Digging into these failed test assertions, you can see that there is a significant difference in behavior both on the result-by-result level and at the level of the full distribution. For the matched absolute difference, you see that the distribution of neutral sentiment has shifted well beyond the threshold.
When you study the KS test for the positive sentiment, you see a rather massive change in distribution; the original unimodal distribution on the right has shifted to a bimodal distribution on the left.
Clicking on the Compare button takes us to the page used to study how two runs relate through the various columns. In particular, we can use the scatter plot functionality to study how the sentiment is a function of the tweets themselves.
You and your teammates can have a lively discussion regarding whether this is in fact desired behavior. But this test session alerted you to the change in behavior and provided follow up analysis on your data to understand how this change manifested and whether it is a problem.
In this test session, you see that the means of the distributions have not changed, but that the matched runs tests and nonparametric tests indicate significant change in app behavior.
Individual results have a neutral sentiment which have shifted by 0.23 on average.
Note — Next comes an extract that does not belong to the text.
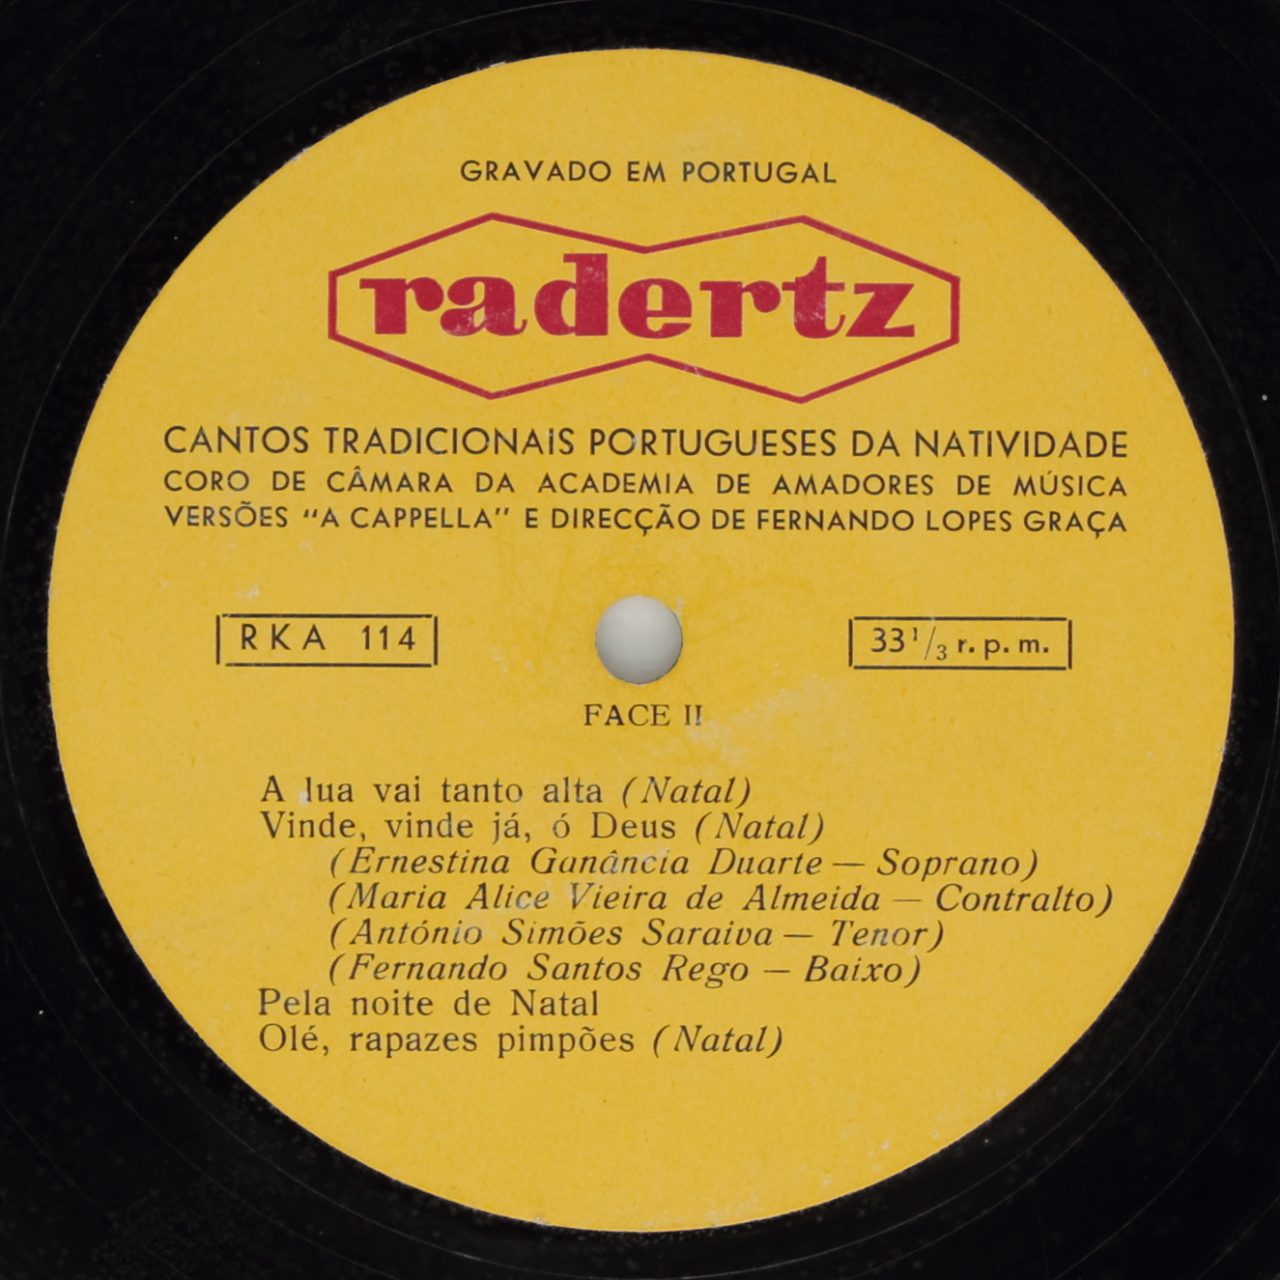 Lopes-Graça: Cantos tradicionais portugueses da natividade

This change from the original sentiment classifier to the LLM-powered sentiment classifier was beyond the stated threshold.
This test of distributional similarity shows a striking shift from a unimodal distribution for the original sentiment classifier to a bimodal distribution for the LLM-based sentiment classifier.
This failed test assertion led us to the realization that the LLM-based sentiment classifier, for some reason, thinks long tweets usually have positive sentiment and short tweets lack positive sentiment.